### Stored data
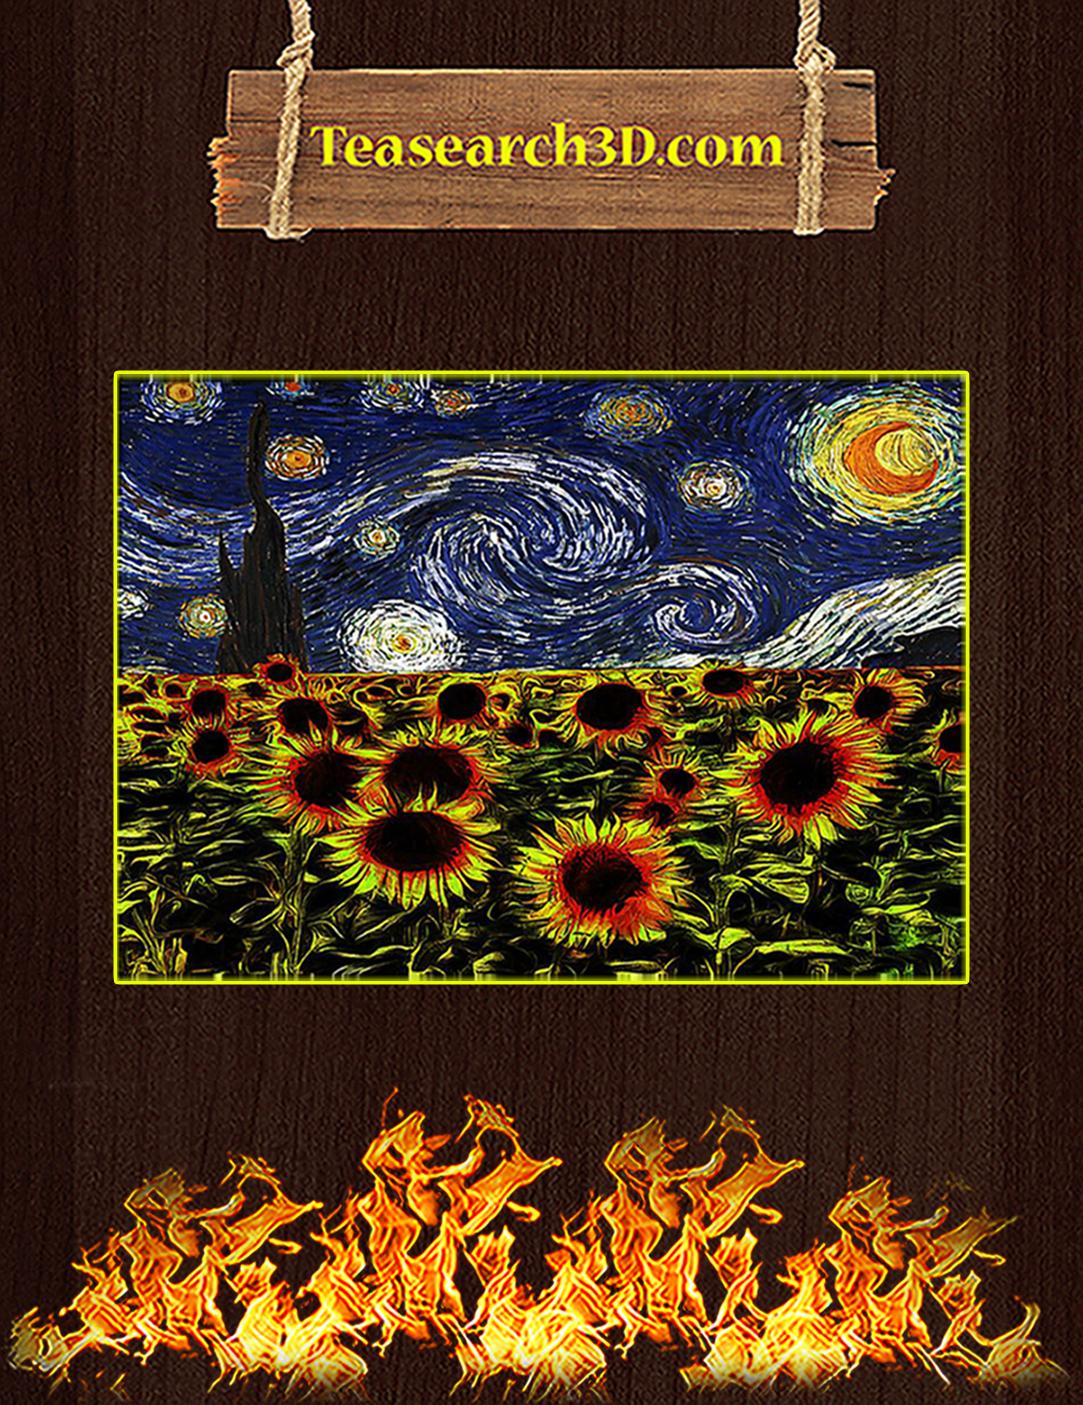 Sunflowers starry night van gogh poster A2
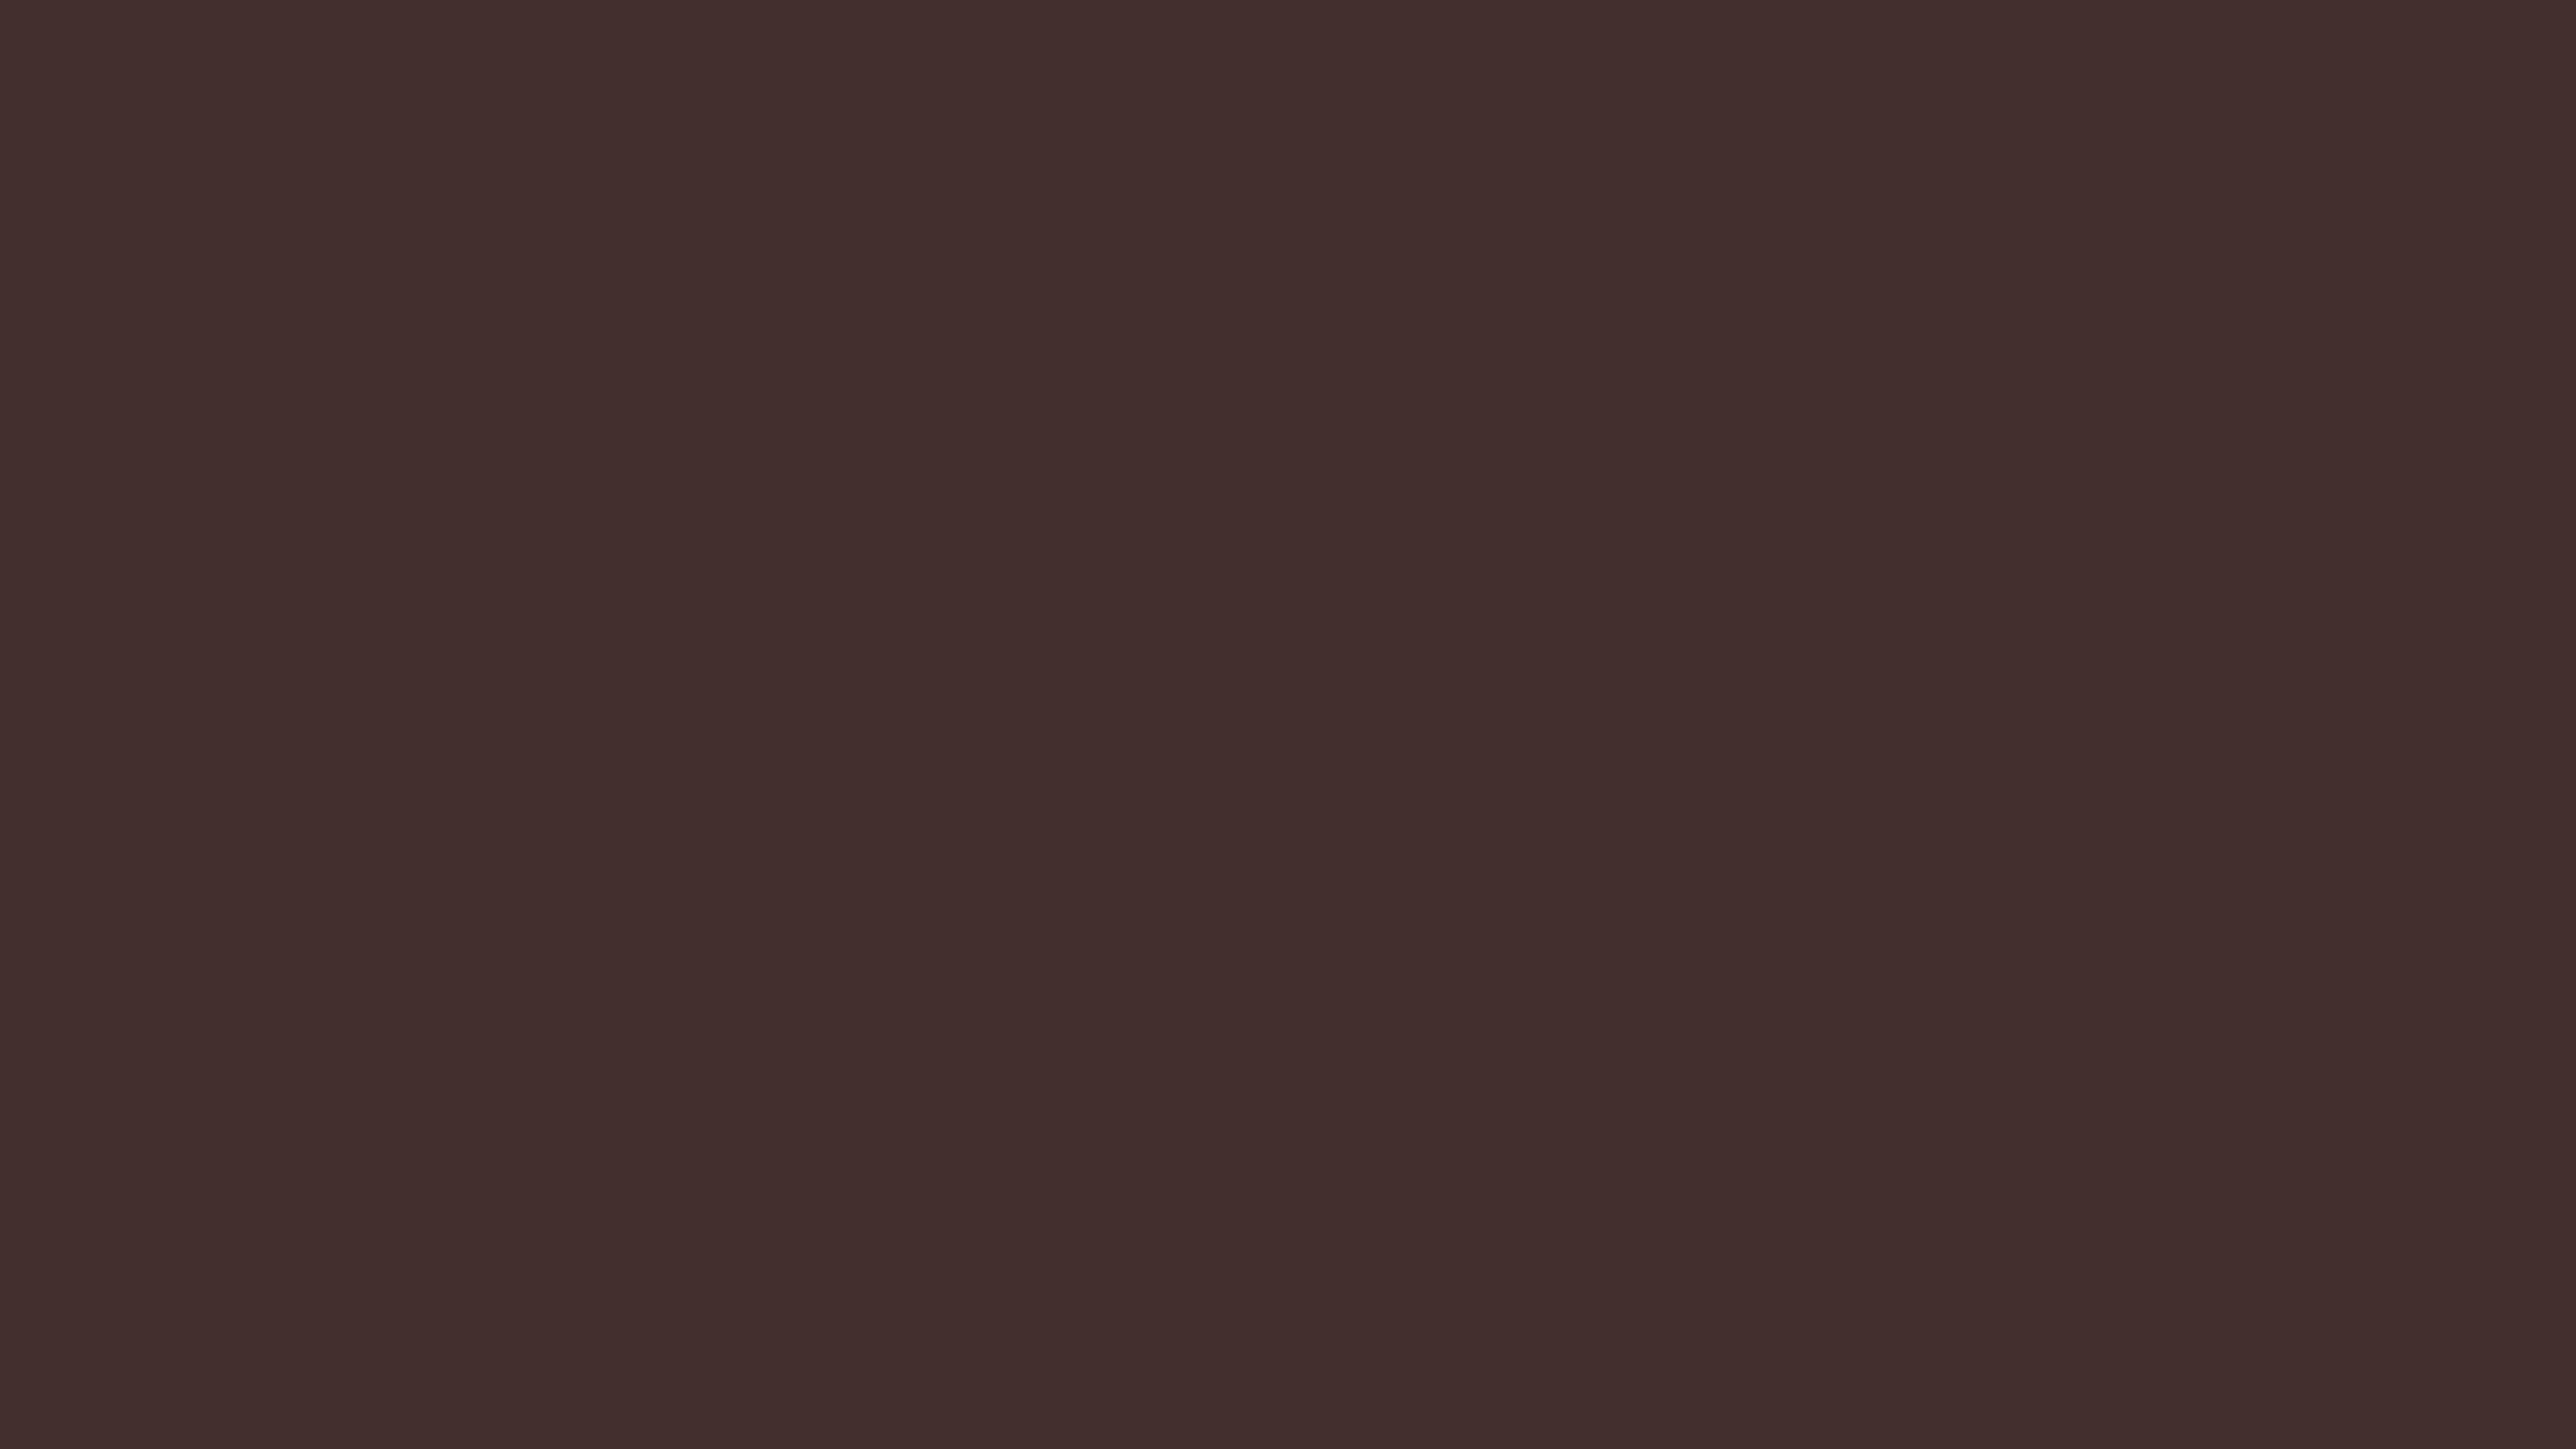 5120x2880 Old Burgundy Solid Color Background
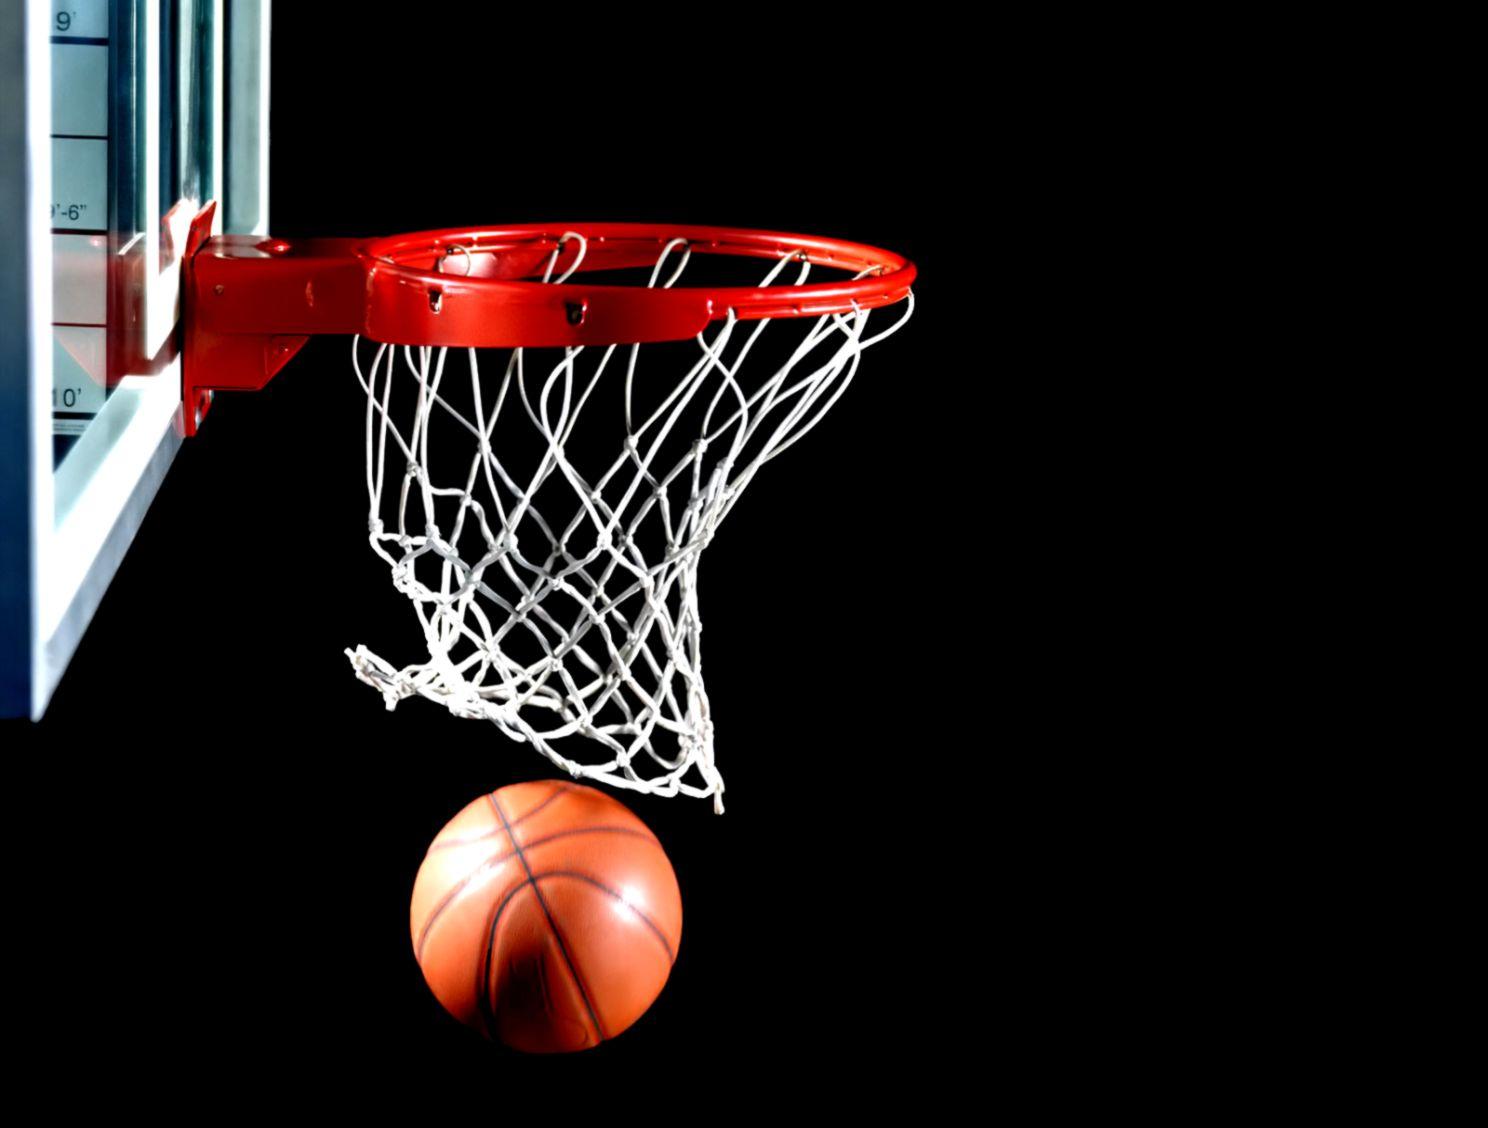 Basketball Wallpaper Background Nba High Definitions Wallpapers

### The task
Your output must consist only of the lines from the line with "5120x2880 Old Burgundy" through the final line of the data, both included, reproduced exactly and free of pictures.

### Written answer
 5120x2880 Old Burgundy Solid Color Background
 Basketball Wallpaper Background Nba High Definitions Wallpapers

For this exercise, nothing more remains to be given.